Cloud providers have made significant strides in reducing the cooling capital and operational costs of their datacenters, for example, by leveraging outside air (“free”) cooling where possible. Despite these advances, cooling costs still represent a significant expense mainly because cloud providers typically provision their cooling infrastructure for the worst- case scenario. The reliability implications
of these choices still remains unclear. We first propose to reduce cooling costs by underprovisioning the cooling infrastructure.

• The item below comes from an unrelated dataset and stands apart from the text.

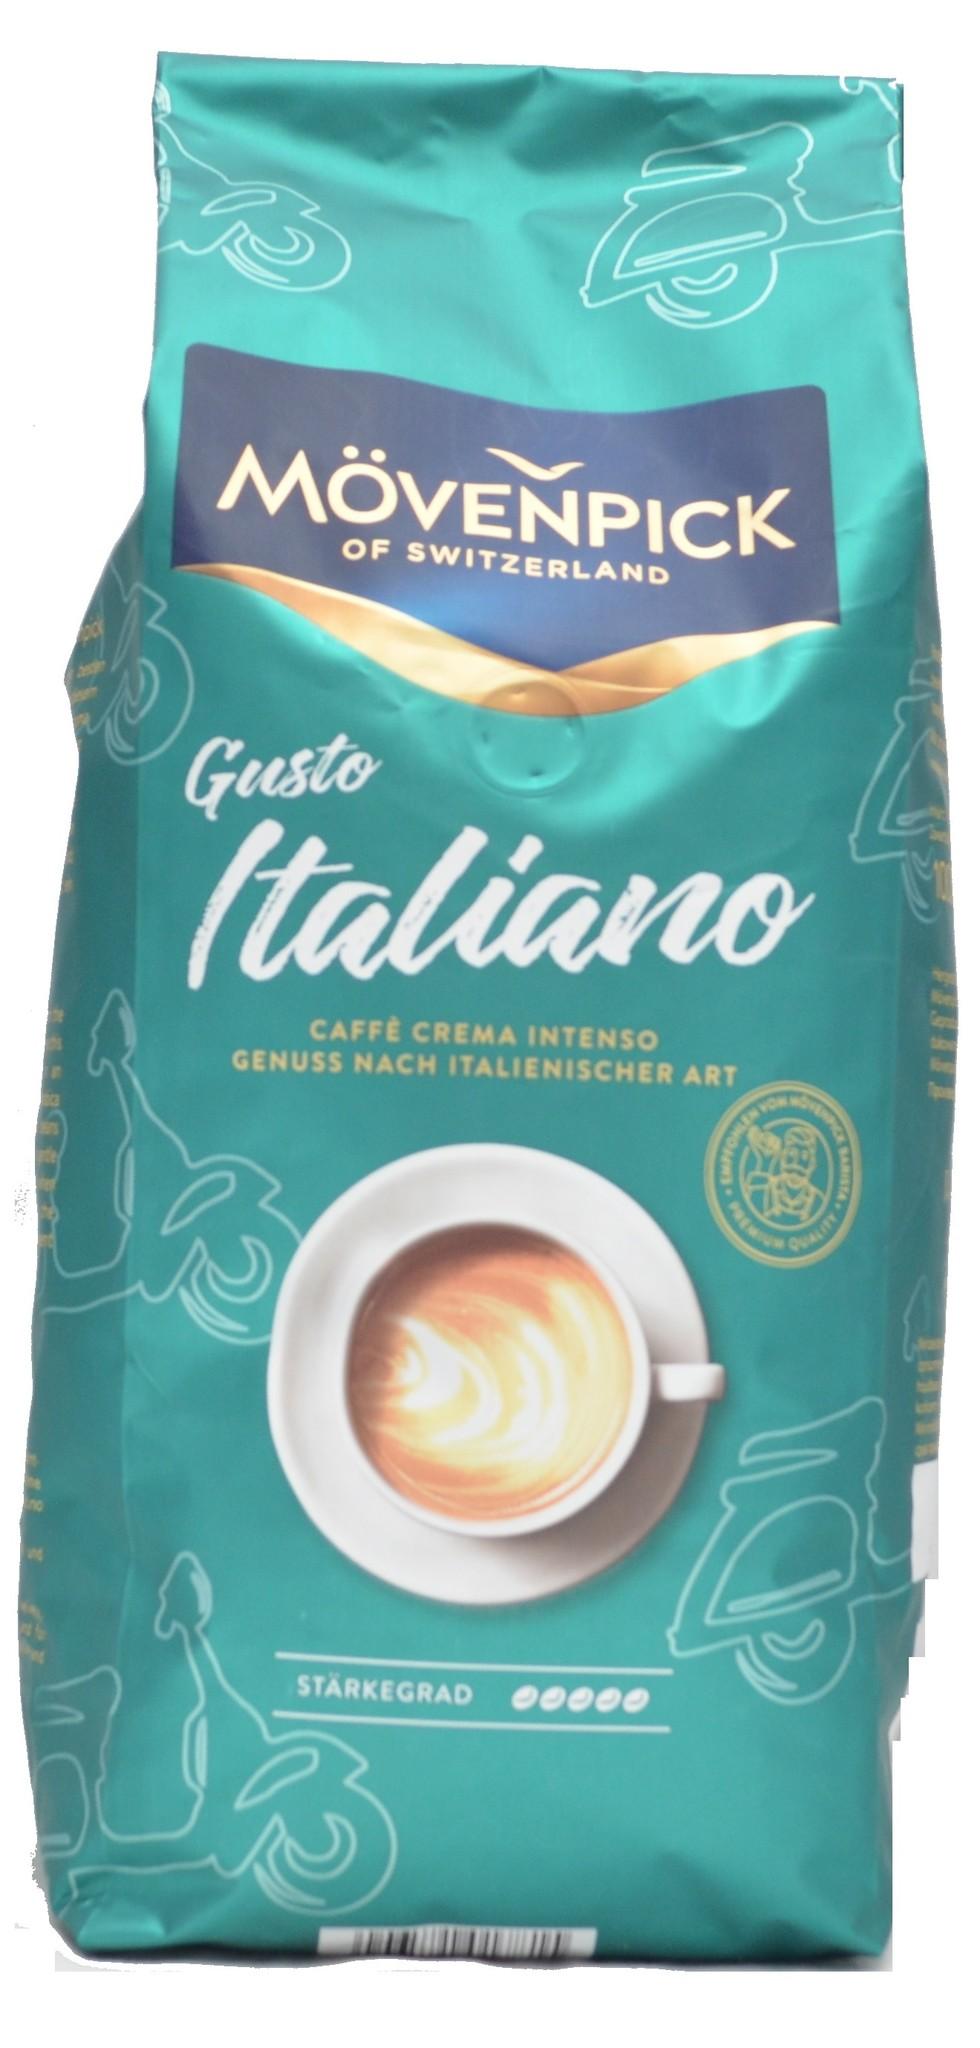 Mövenpick Caffè  Crema Gusto Italiano bonen 1 kg. nu vanaf € 7.85

When the cooling is underprovisioned, there might be (rare) periods when the cooling infrastructure cannot cool down the IT equipment enough. During these periods, we can either (1) reduce the processing capacity and potentially degrade the quality of service, or (2) let the IT equipment temperature increase in exchange for a controlled degradation in reliability. We then explore the reliability implications of the environmental conditions induced by the cooling provisioning and operation. We find that aggressive undeprovisioning and energy-conserving operation strategies can greatly degrade the reliability of hard disks. In particular we collect operational data from from nine Microsoft cloud-scale datacenters, including environmental conditions and failure reports. We find that humidity is the main concern in these datacenters and create a joint lifetime failure model to predict their failure rates.

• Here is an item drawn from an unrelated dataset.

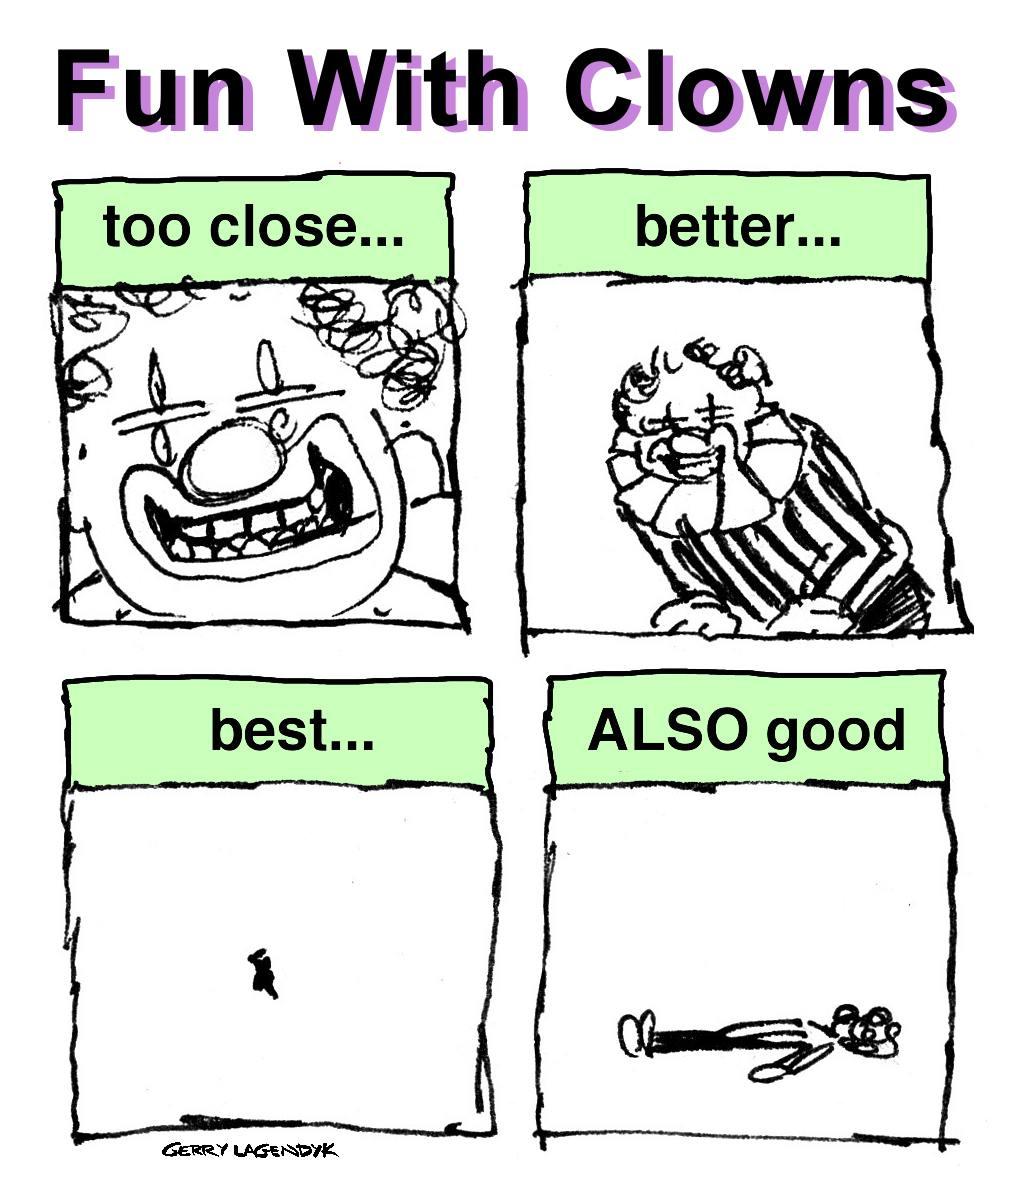 fun with clowns, circus clown cartoon, clowns are not funny

Finally, we turn our attention to the provisioning strategies of datacenter fleets that enable future internet services with very low latency requirements. We tackle the problem by formulating, implementing and evaluating an optimization framework which provisions small, less reliable datacenters under latency and population coverage constraints. Our results show that our framework provisions datacenter fleets that are capable of supporting services with end-to-end latencies of 50ms.